:: Task directions ::
Word-for-word transcription: reproduce all of the data, but not the pictures.

:: Information supplied ::
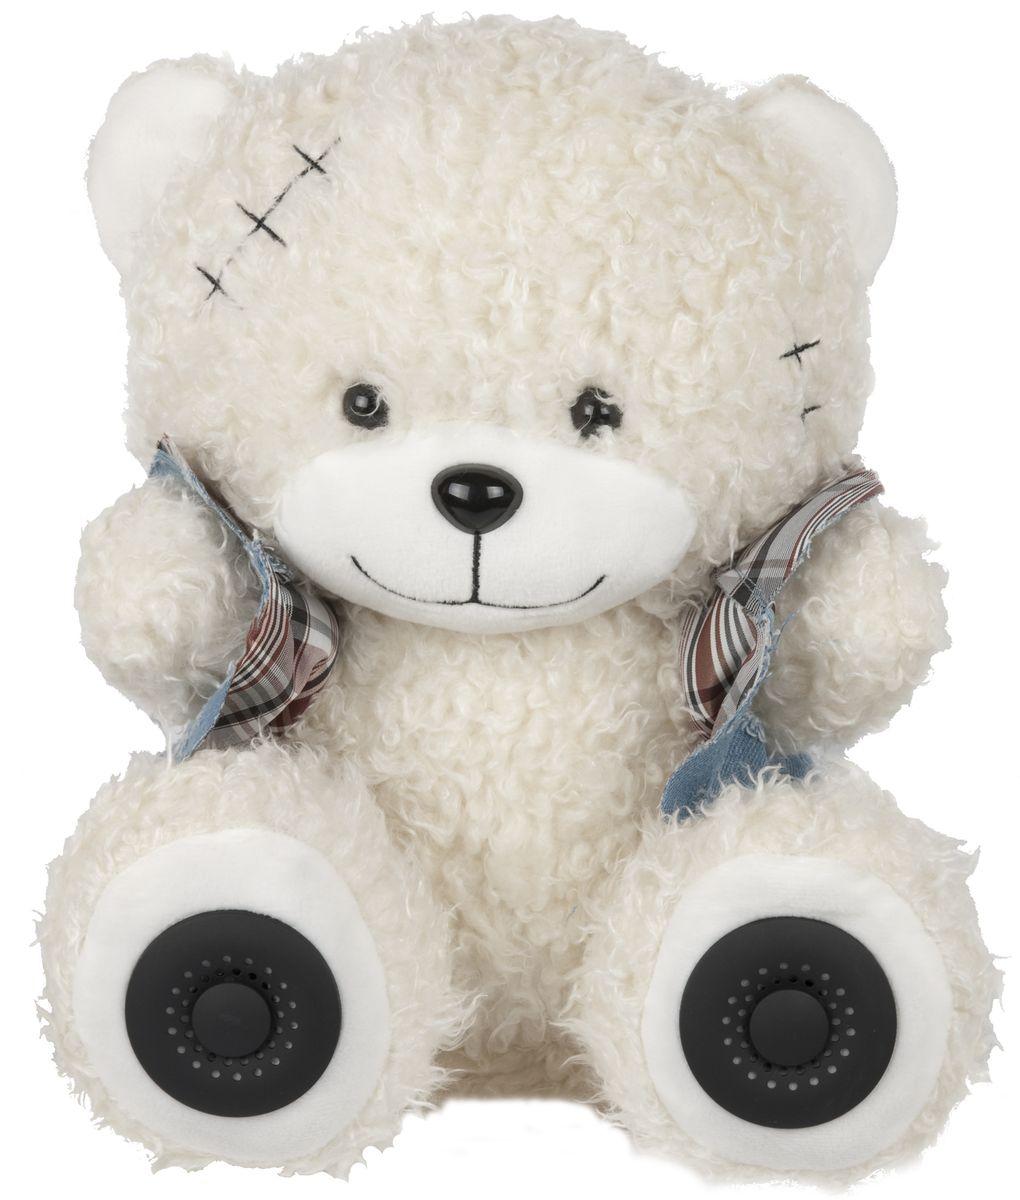 Ritmix ST-150 Bear, White портативная акустическая система
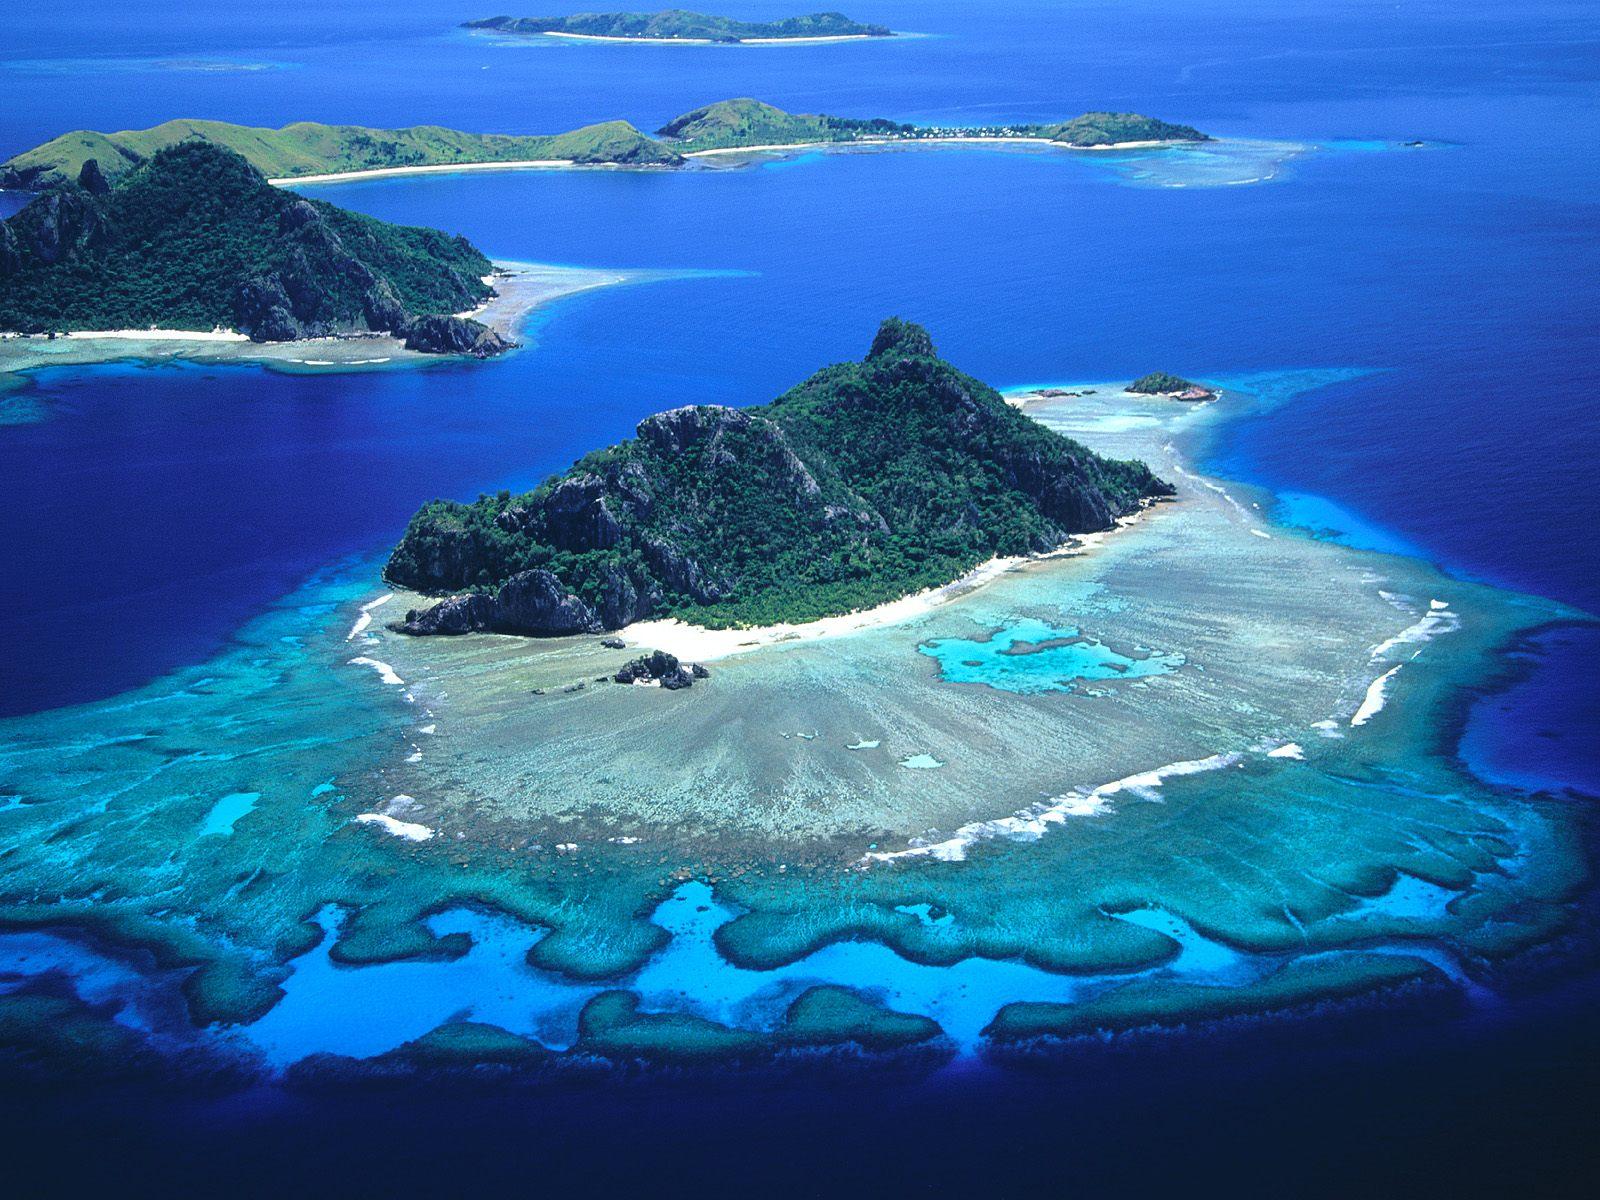 http://3.bp.blogspot.com/-jsLFoBSlP_c/UaRO5ONbv3I/AAAAAAAAOnU/kIP8PwqPLAM/s1600/Fiji+%25281%2529.jpg
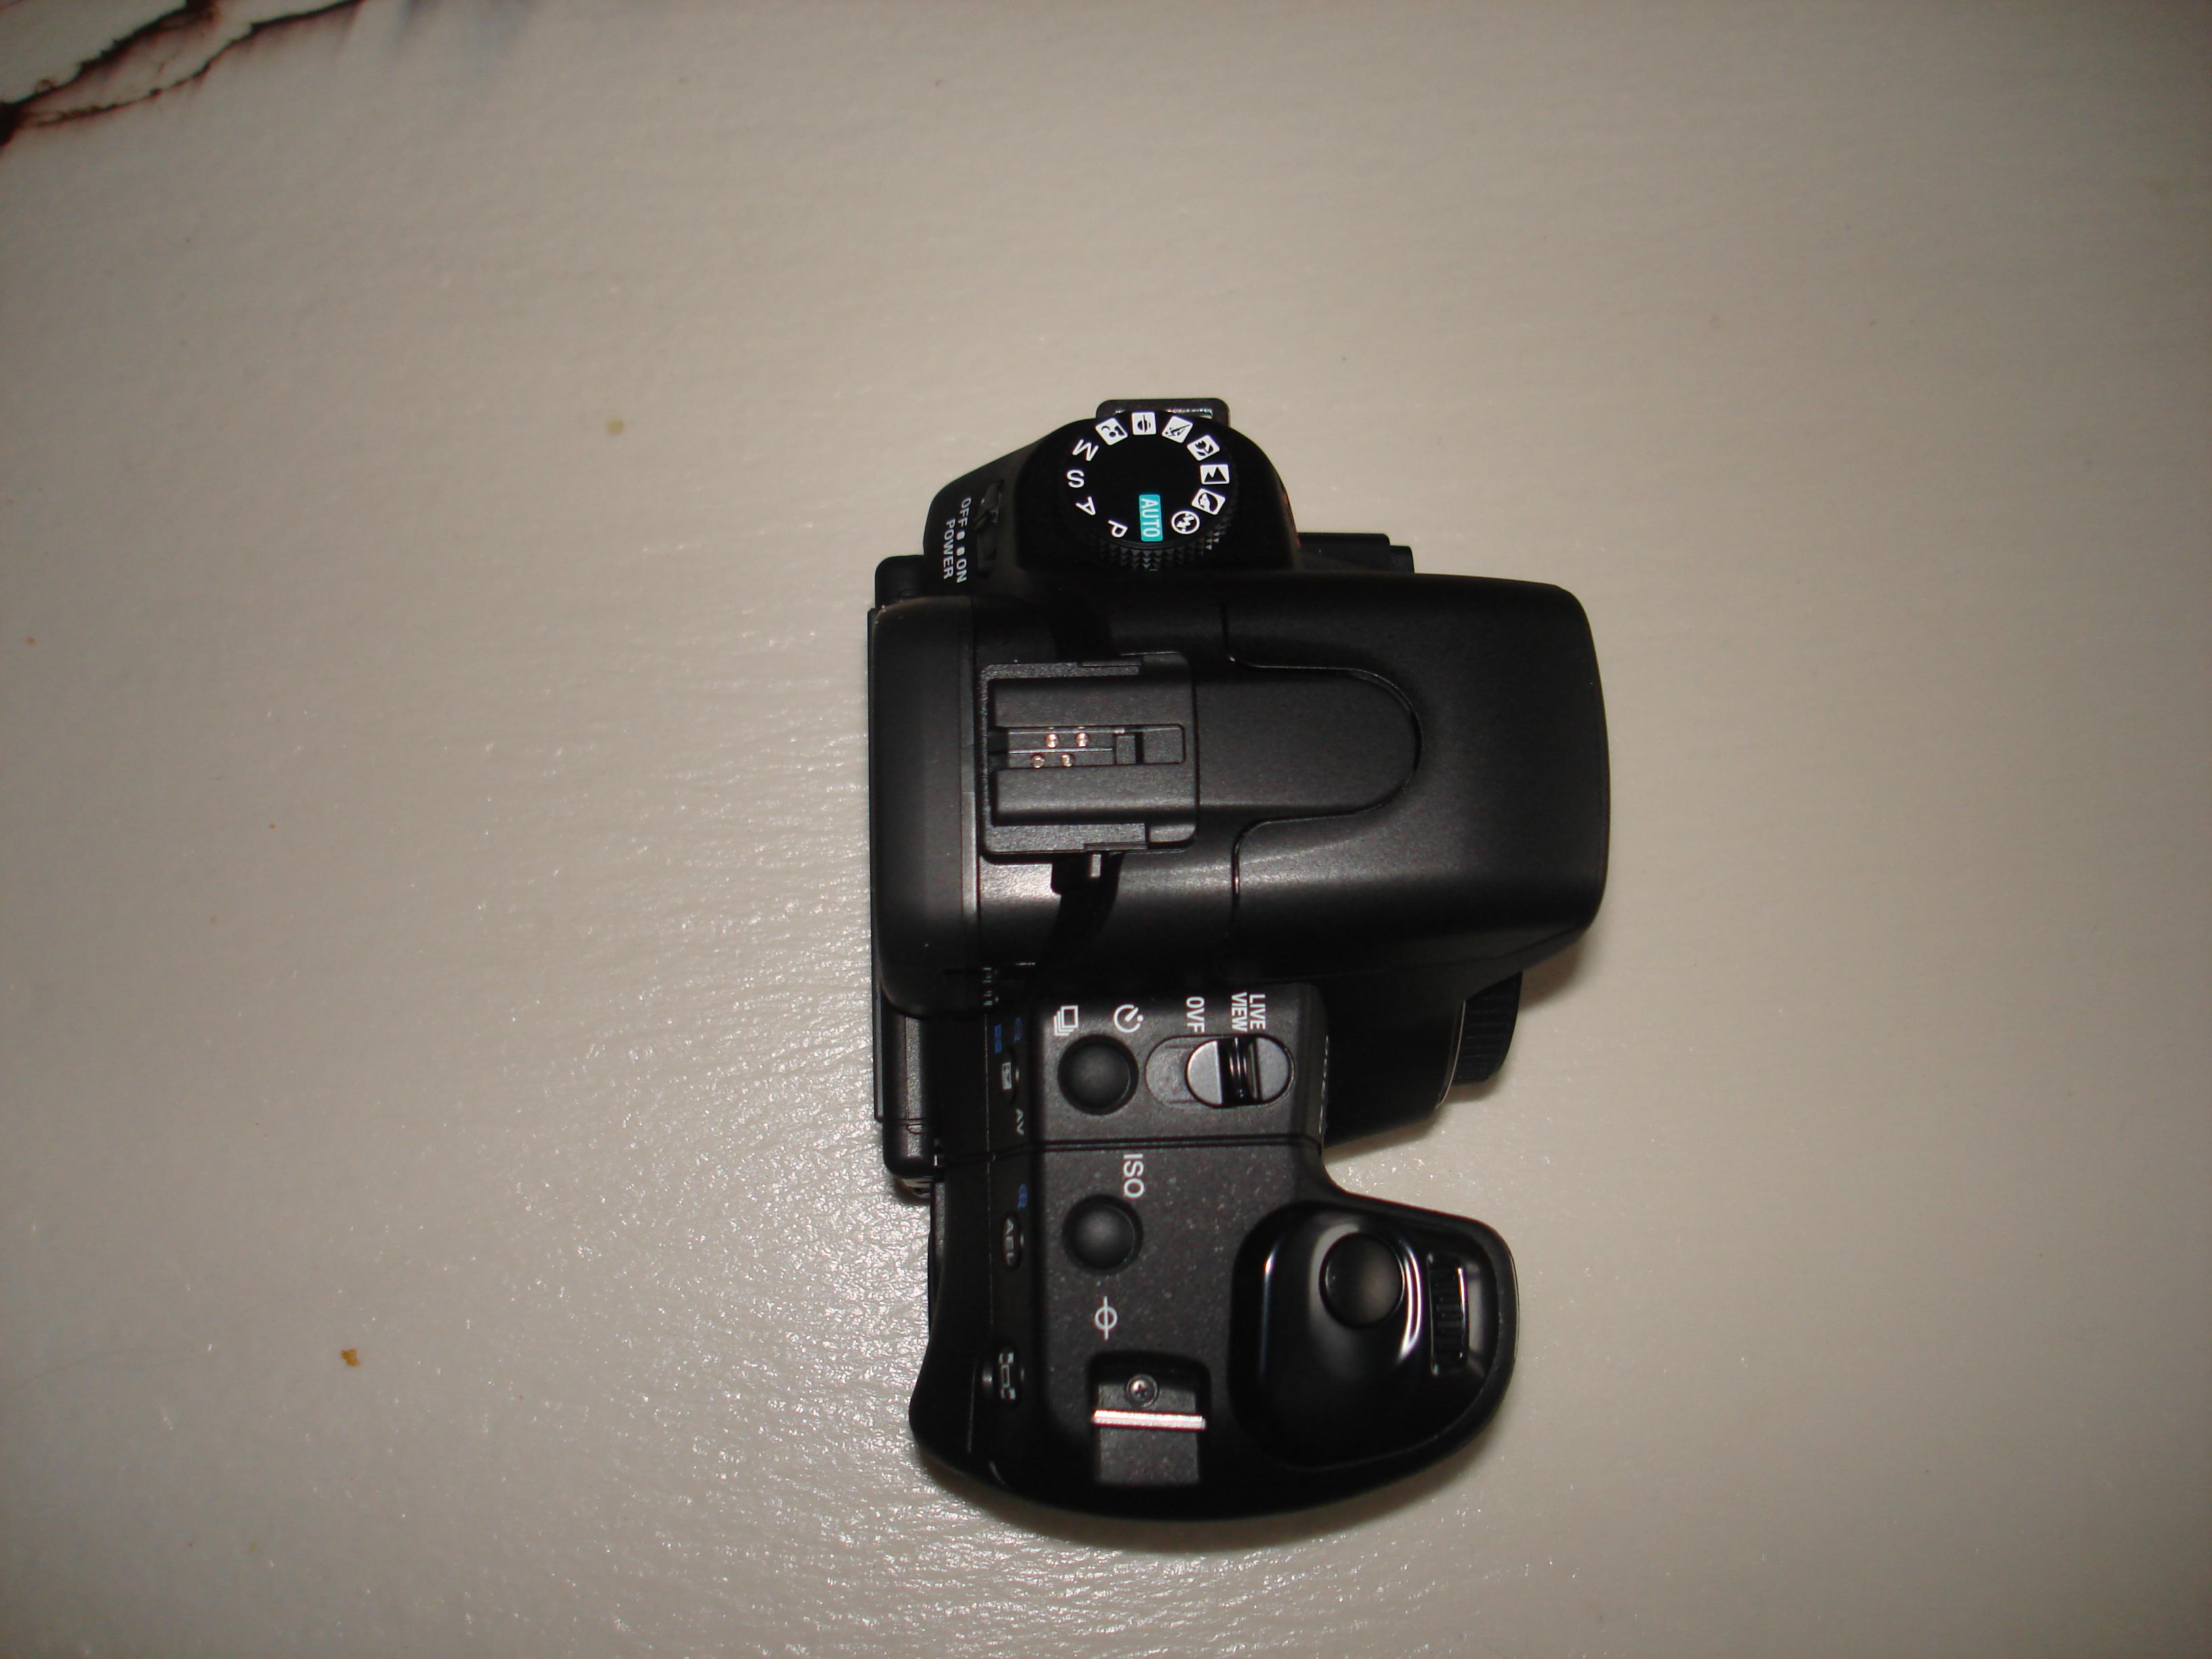 Camera Sony Dslr A300 Camera filesony dslr a300 jpg wikimedia commons jpg
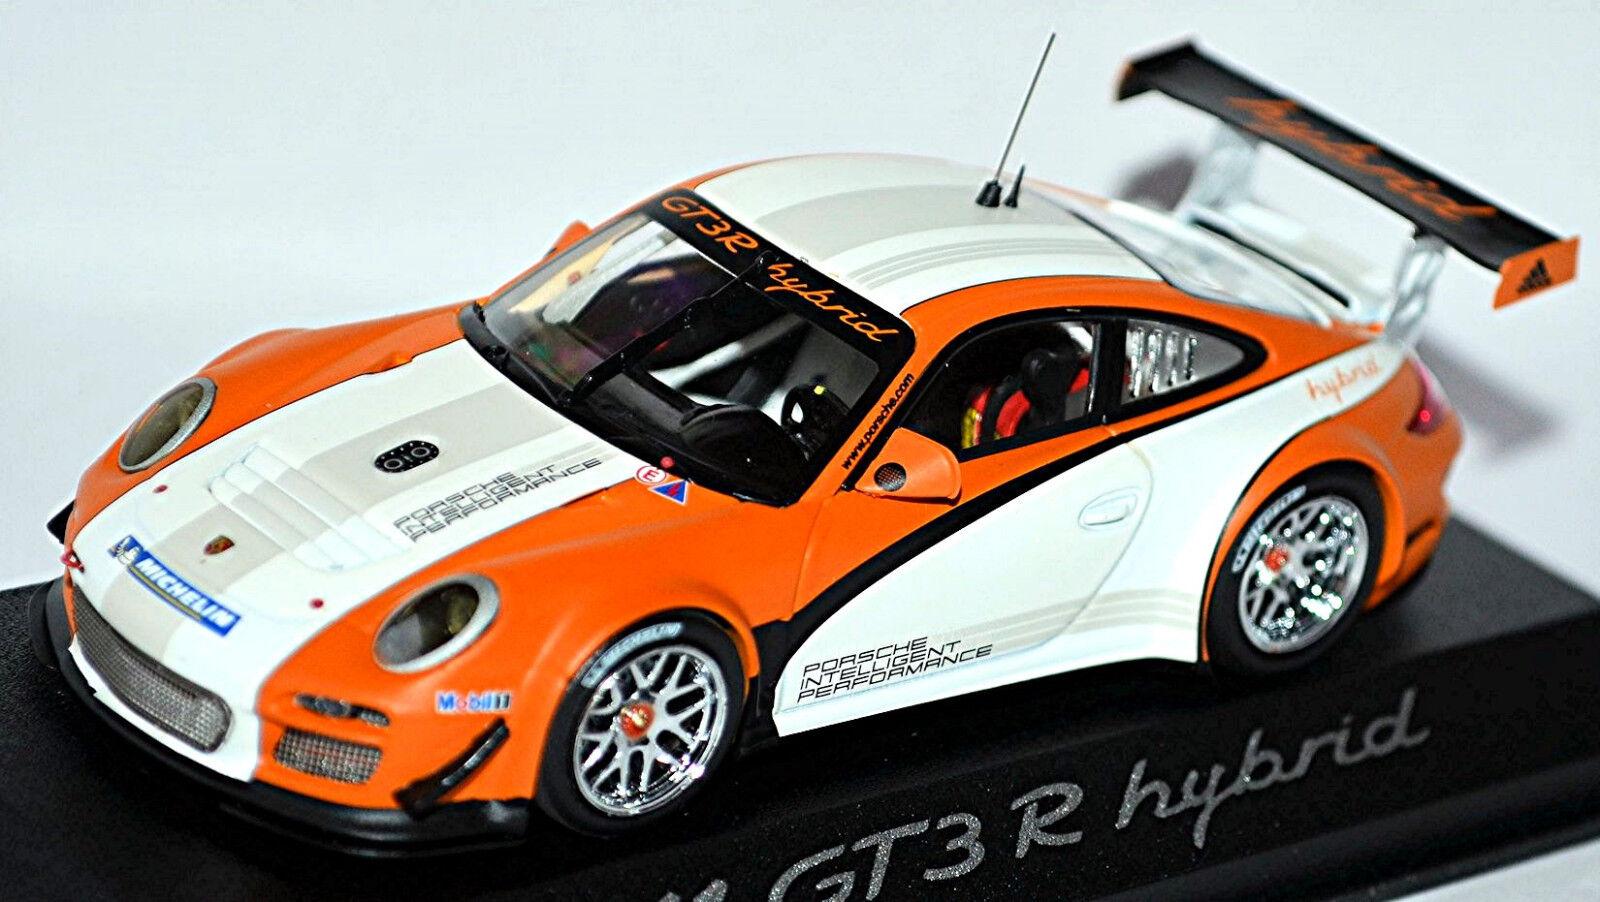 Porsche 911 GT3 R Híbrido Tipo  997 II 2010 blancoo blancoo 1 43 Minichamps

:: Answer to this problem ::
 Ritmix ST-150 Bear, White портативная акустическая система
 http://3.bp.blogspot.com/-jsLFoBSlP_c/UaRO5ONbv3I/AAAAAAAAOnU/kIP8PwqPLAM/s1600/Fiji+%25281%2529.jpg
 Camera Sony Dslr A300 Camera filesony dslr a300 jpg wikimedia commons jpg
 Porsche 911 GT3 R Híbrido Tipo  997 II 2010 blancoo blancoo 1 43 Minichamps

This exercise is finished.